Comment croire, après cela, que les immenses mastodontes, les gigantesques mégathériums, dont on a trouvé les os sous la terre dans les deux Amériques, vivent encore sur ce continent? Comment auraient-ils échappé à ces peuplades errantes qui parcourent sans cesse le pays dans tous les sens, et qui reconnaissent elles-mêmes qu'ils n'y existent plus, puisqu'elles ont imaginé une fable sur leur destruction, disant qu'ils furent tués par le Grand Esprit, pour les empêcher d'anéantir la race humaine. Mais on voit que cette fable a été occasionée par la découverte des os, comme celle des habitans de la Sibérie sur leur mammoth, qu'ils prétendent vivre sous terre à la manière des taupes; et comme toutes celles des anciens sur les tombeaux de géans qu'ils plaçaient partout où l'on trouvait des os d'éléphans.

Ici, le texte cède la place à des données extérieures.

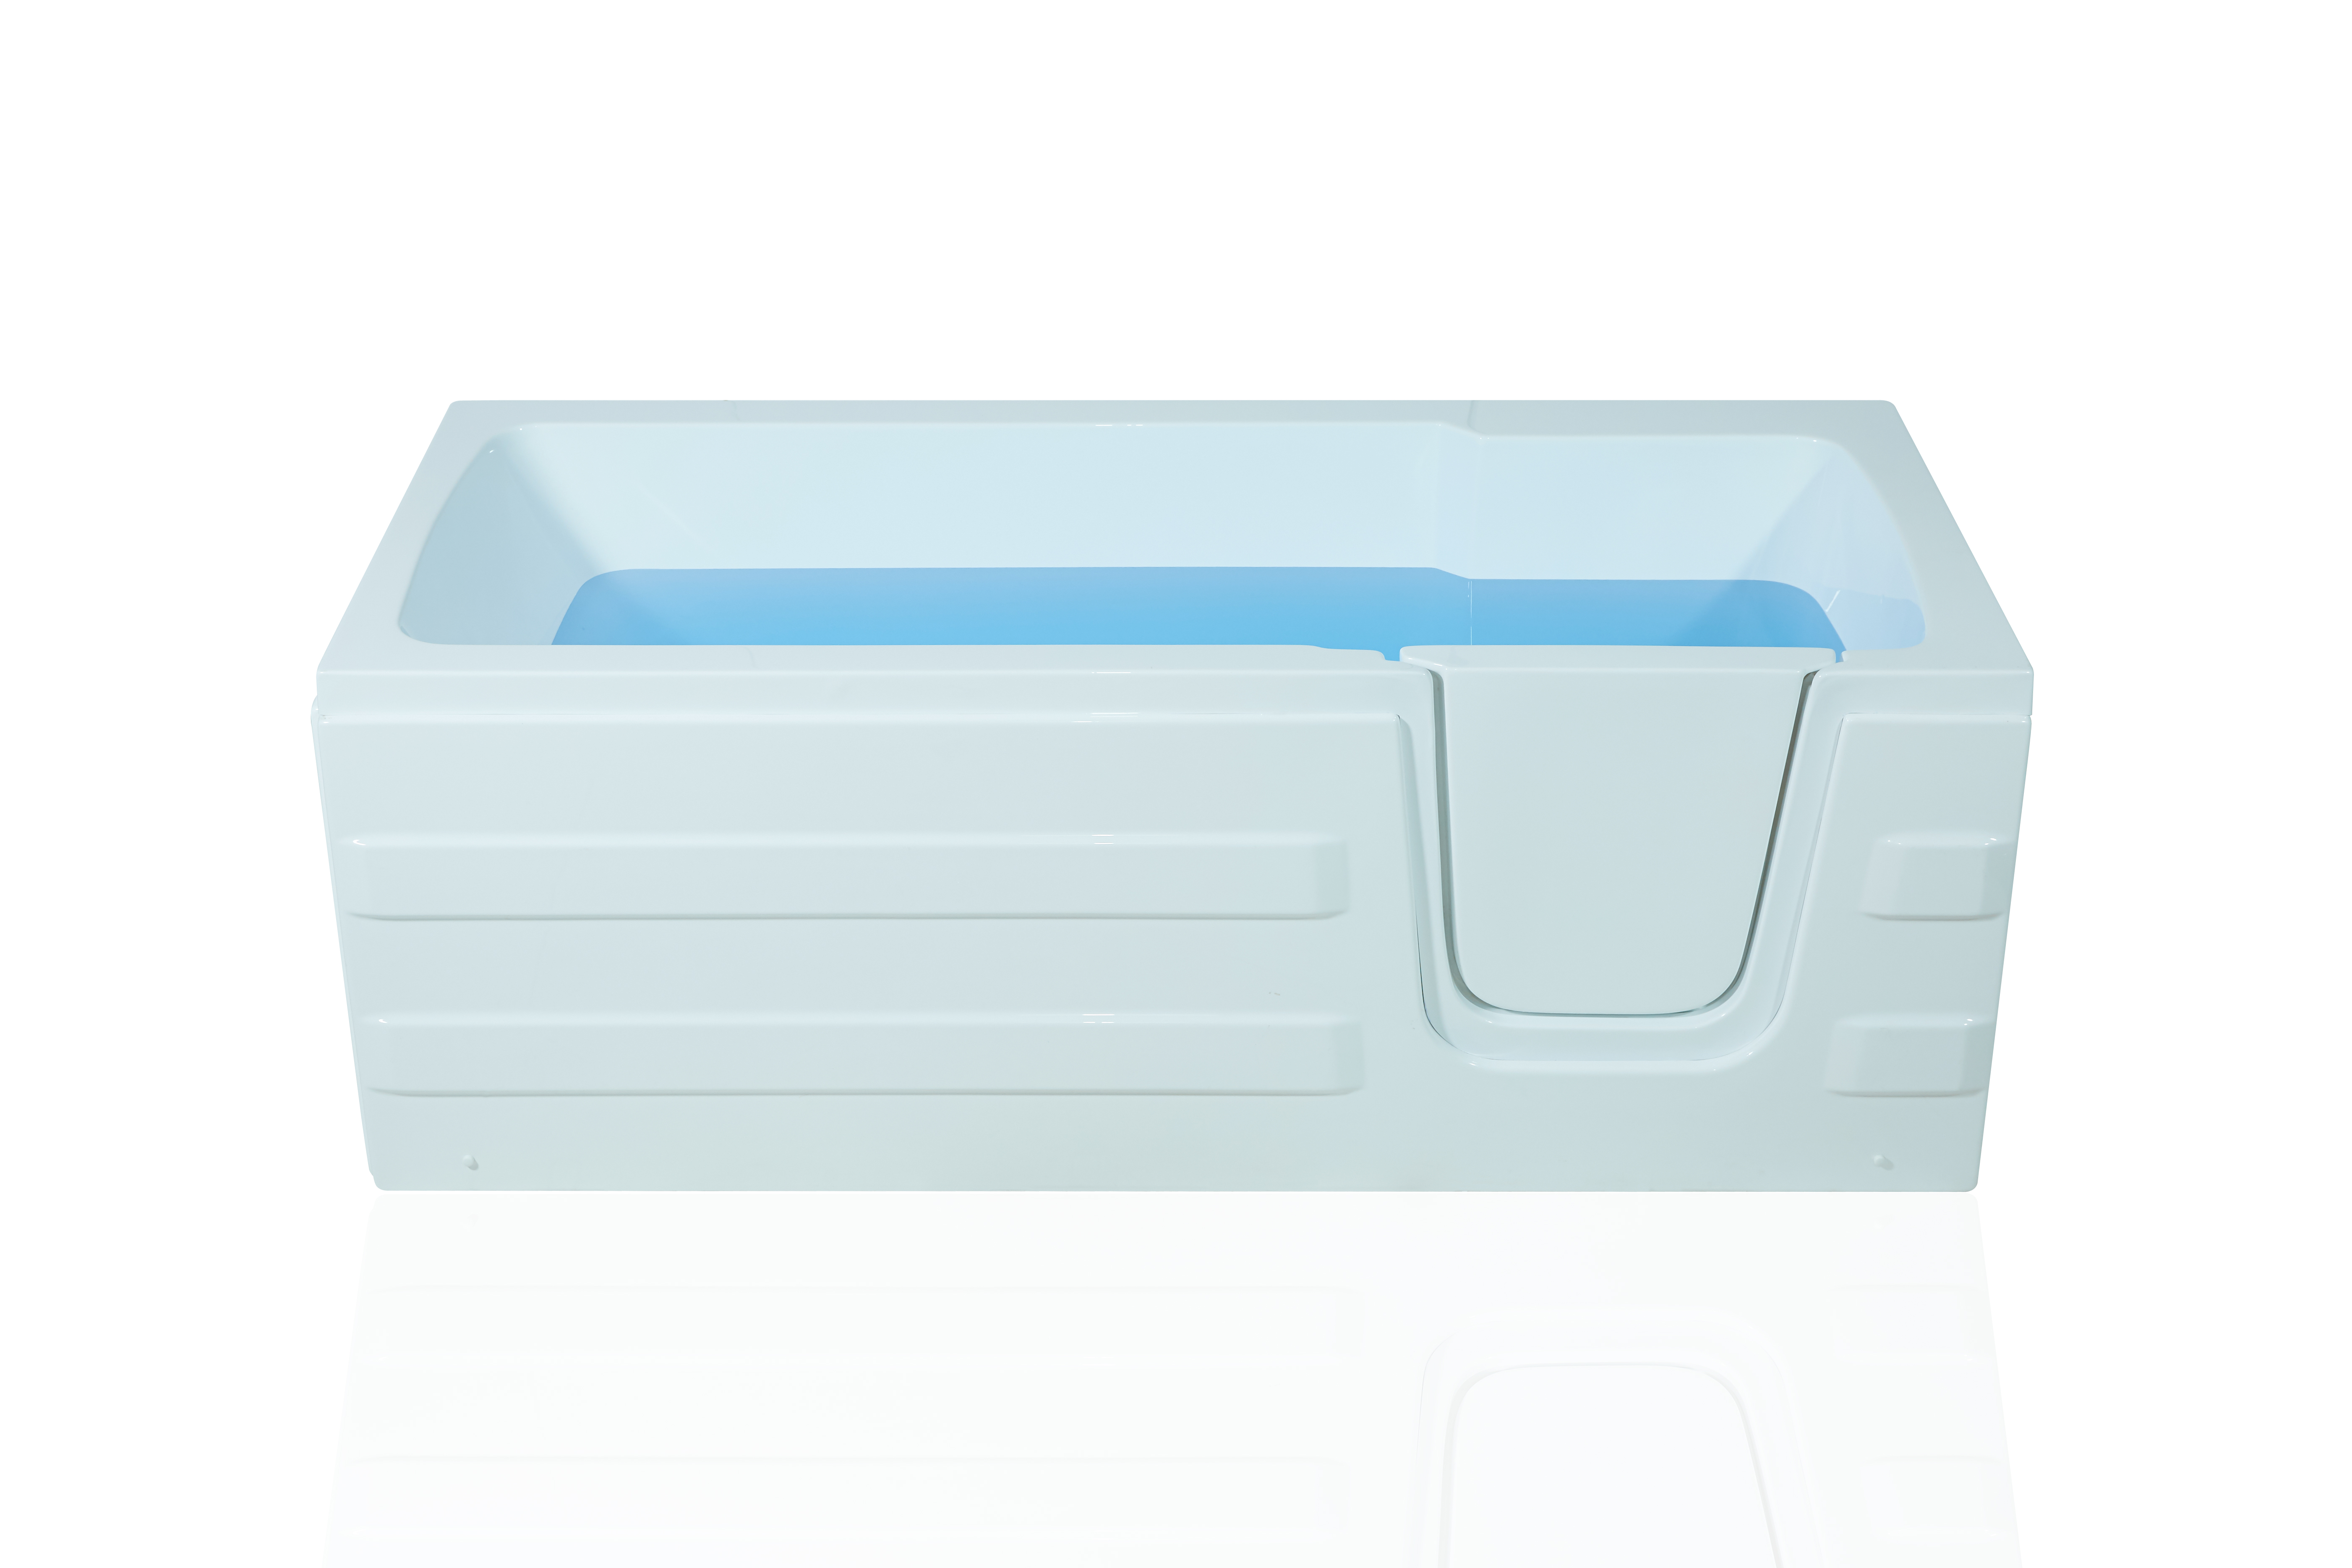 Акриловая ванна Bolu Personas BL-375 155х76 R без г/м для людей с ограниченными возможностями

Ainsi l'on peut bien croire que si, comme nous le dirons tout à l'heure, aucune des grandes espèces de quadrupèdes aujourd'hui enfouies dans des couches pierreuses régulières, ne s'est trouvée semblable aux espèces vivantes que l'on connaît, ce n'est pas l'effet d'un simple hasard, ni parce que précisément ces espèces, dont on n'a que les os fossiles, sont cachées dans les déserts, et ont échappé jusqu'ici à tous les voyageurs: l'on doit au contraire regarder ce phénomène comme tenant à des causes générales, et son étude comme l'une des plus propres à nous faire remonter à la nature de ces causes.